» WHAT IS NEEDED
Once the pictures are removed, reproduce what is left of the data below exactly.
=== SOURCE DATA ===
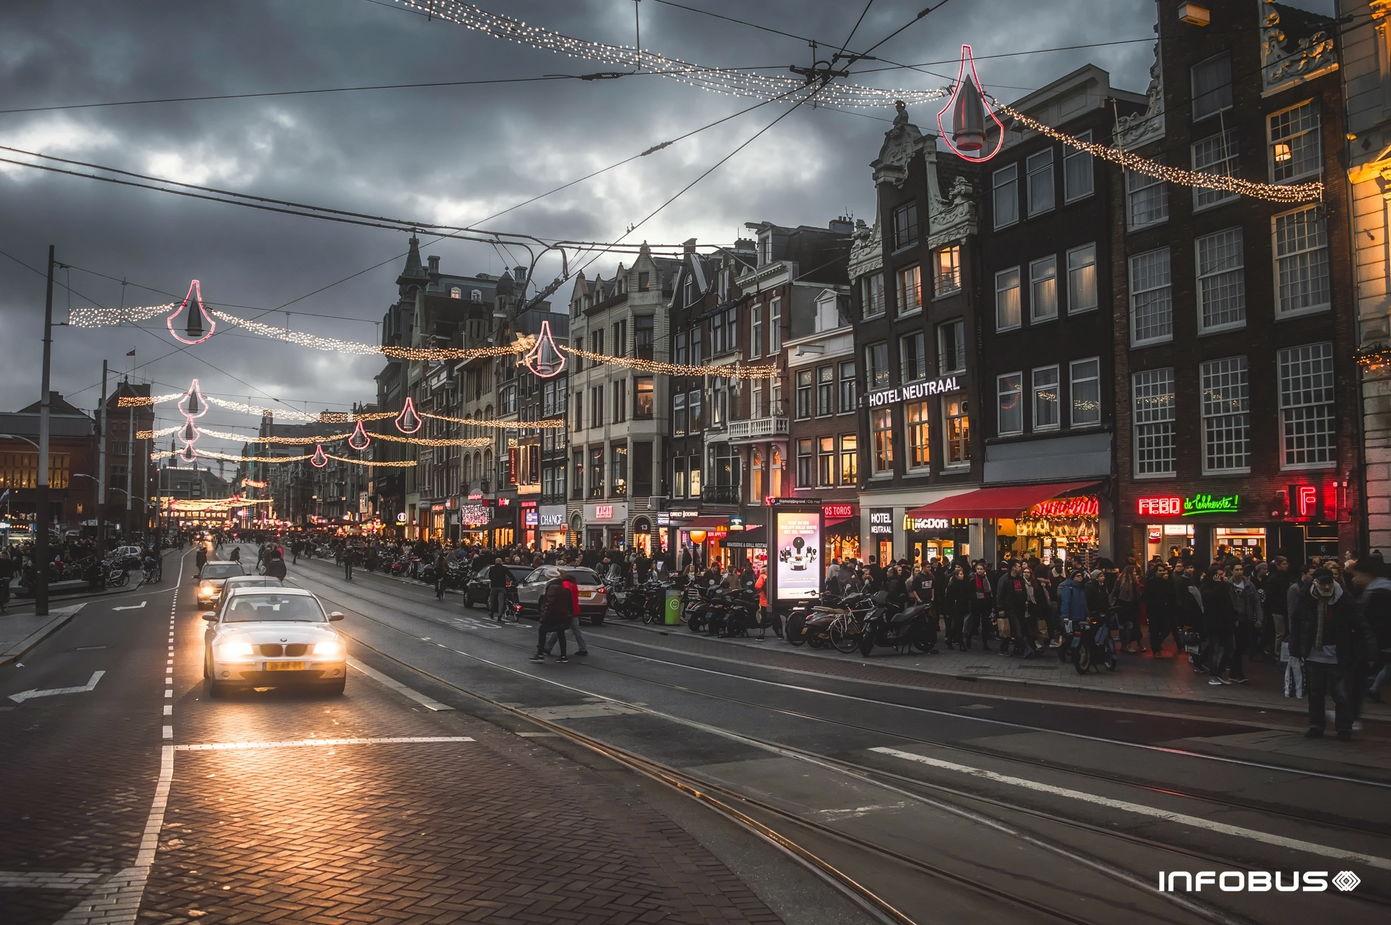 amsterdam-1956330
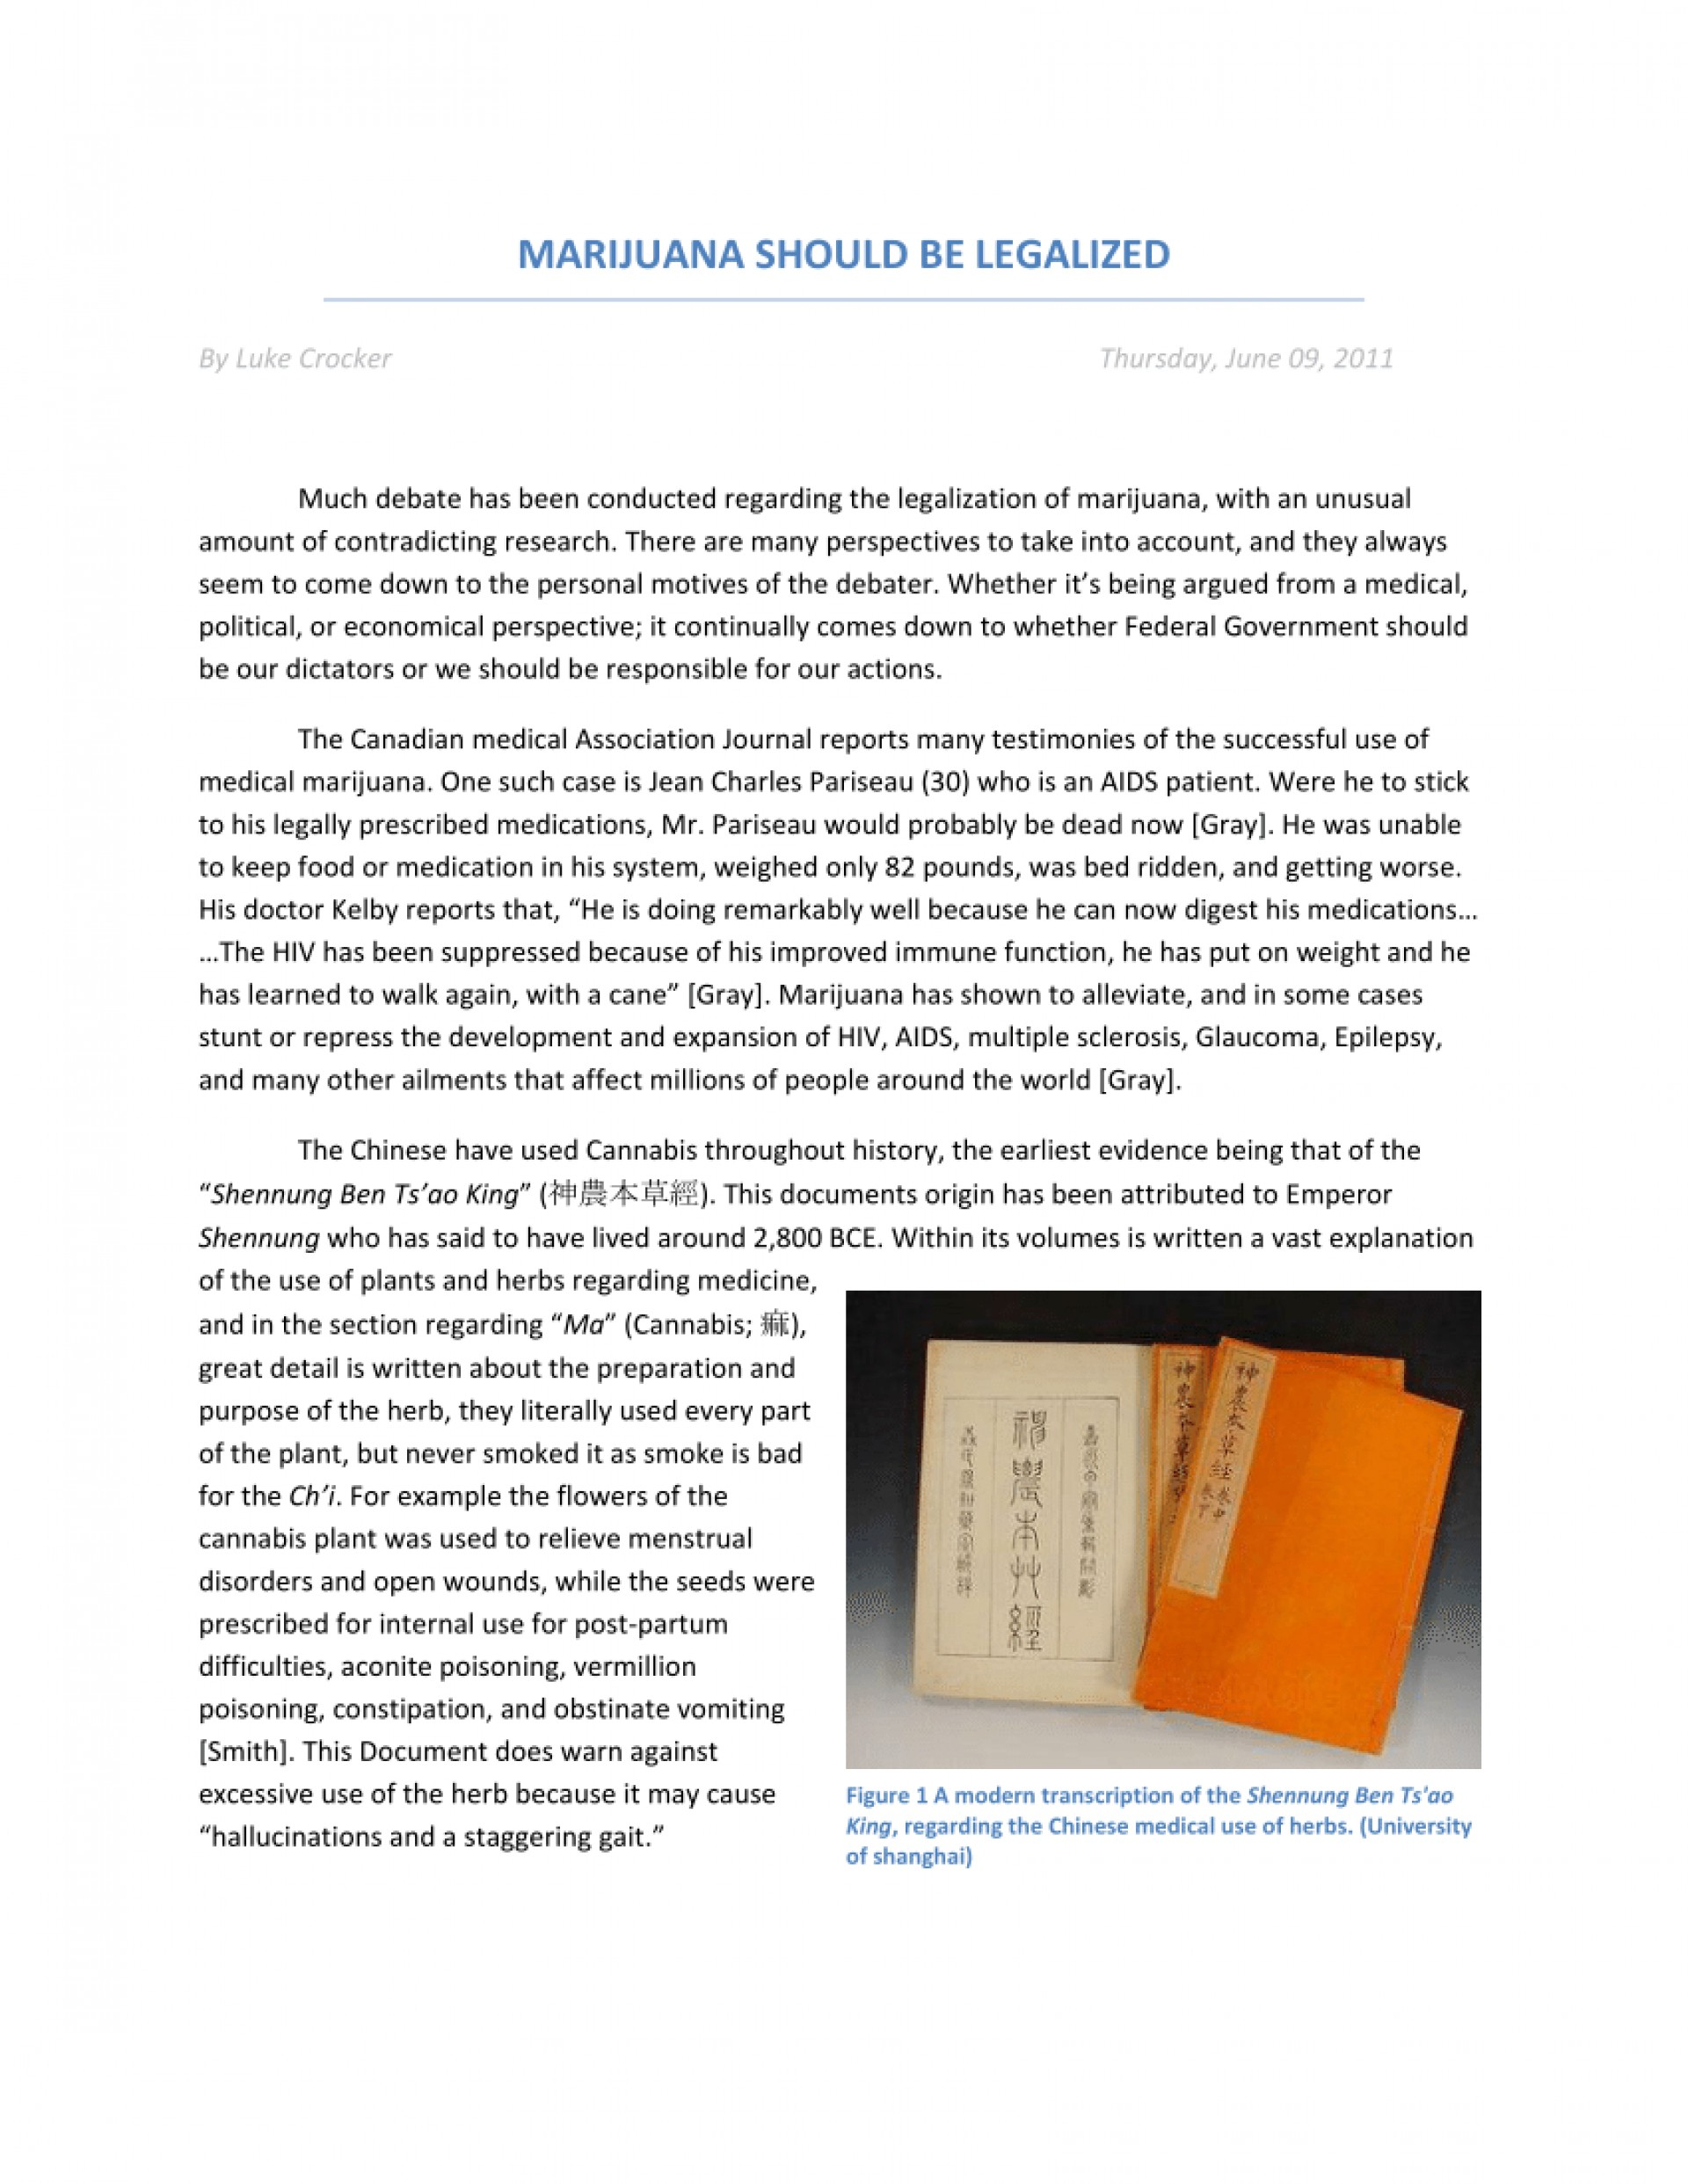 005 Largepreview Marijuana Argumentative Essay Unforgettable Legalization Of Example Persuasive Outline Topics 1920
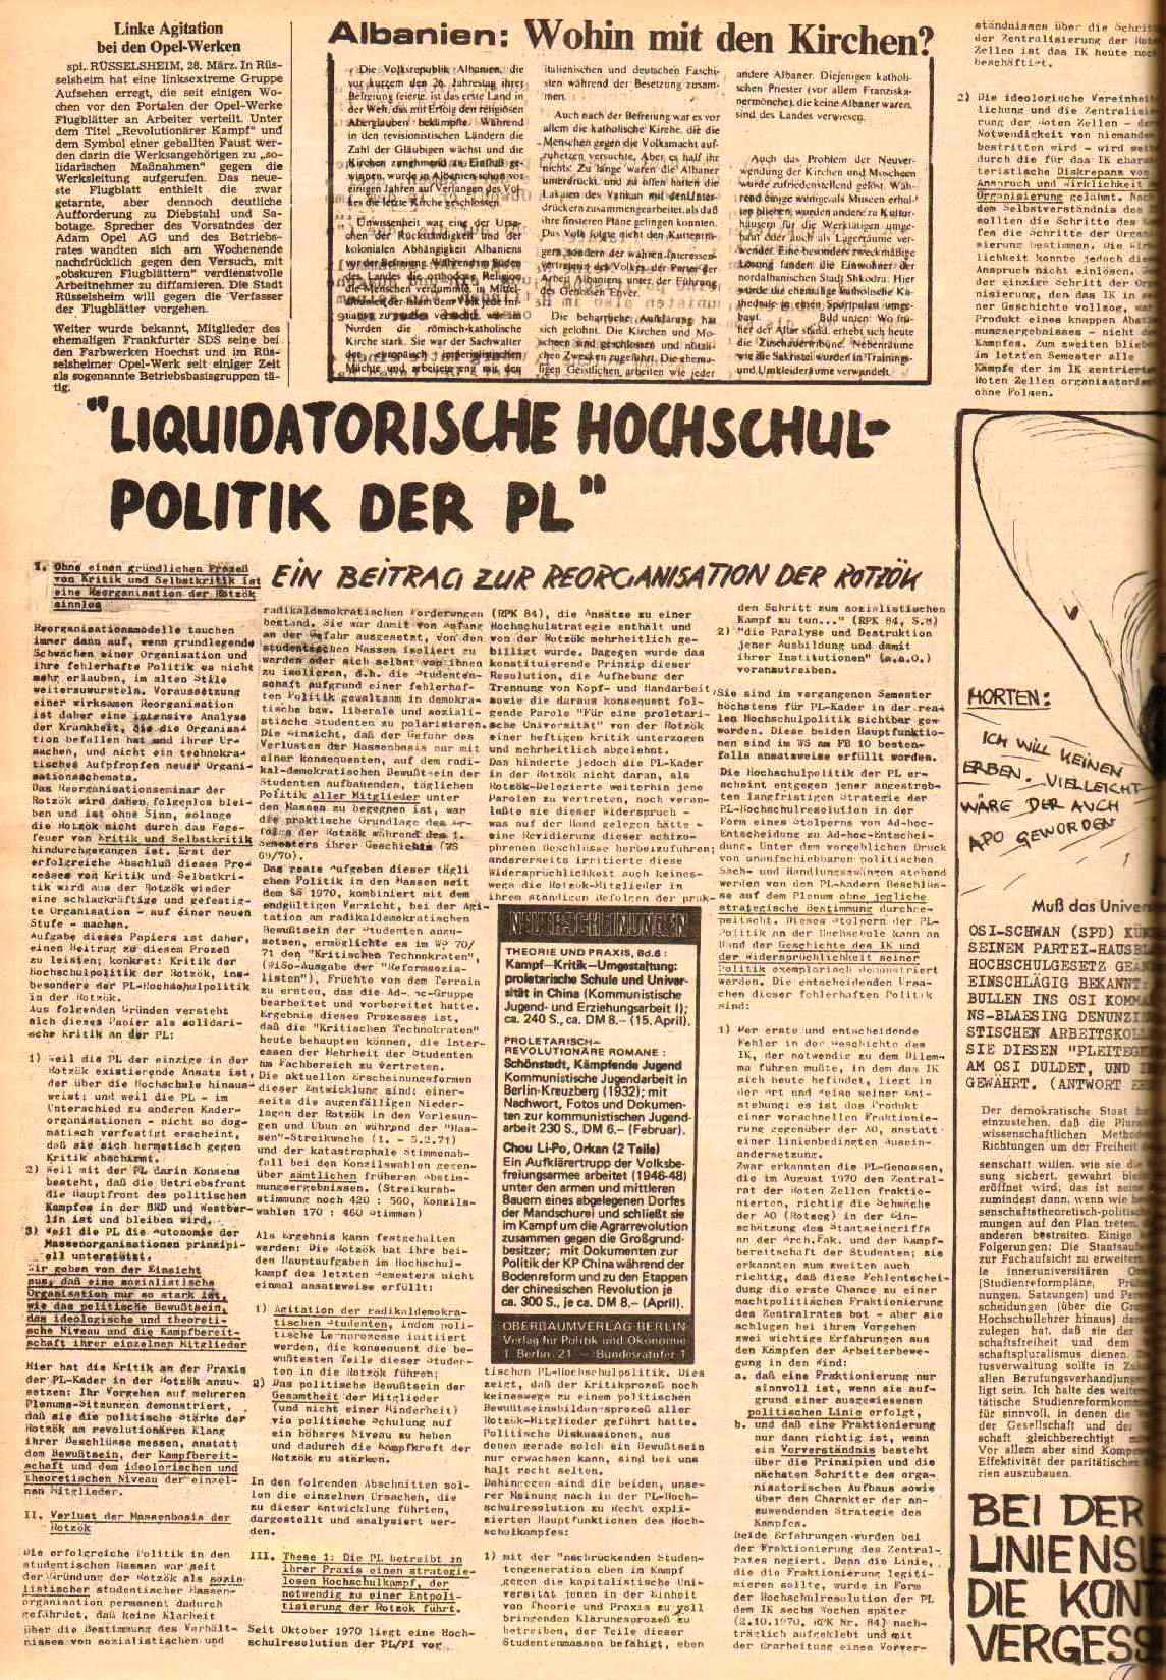 Berlin_Hochschulkampf_1971_06_06
===
» RESPONSE TO THE EXERCISE
 amsterdam-1956330
 005 Largepreview Marijuana Argumentative Essay Unforgettable Legalization Of Example Persuasive Outline Topics 1920
 Berlin_Hochschulkampf_1971_06_06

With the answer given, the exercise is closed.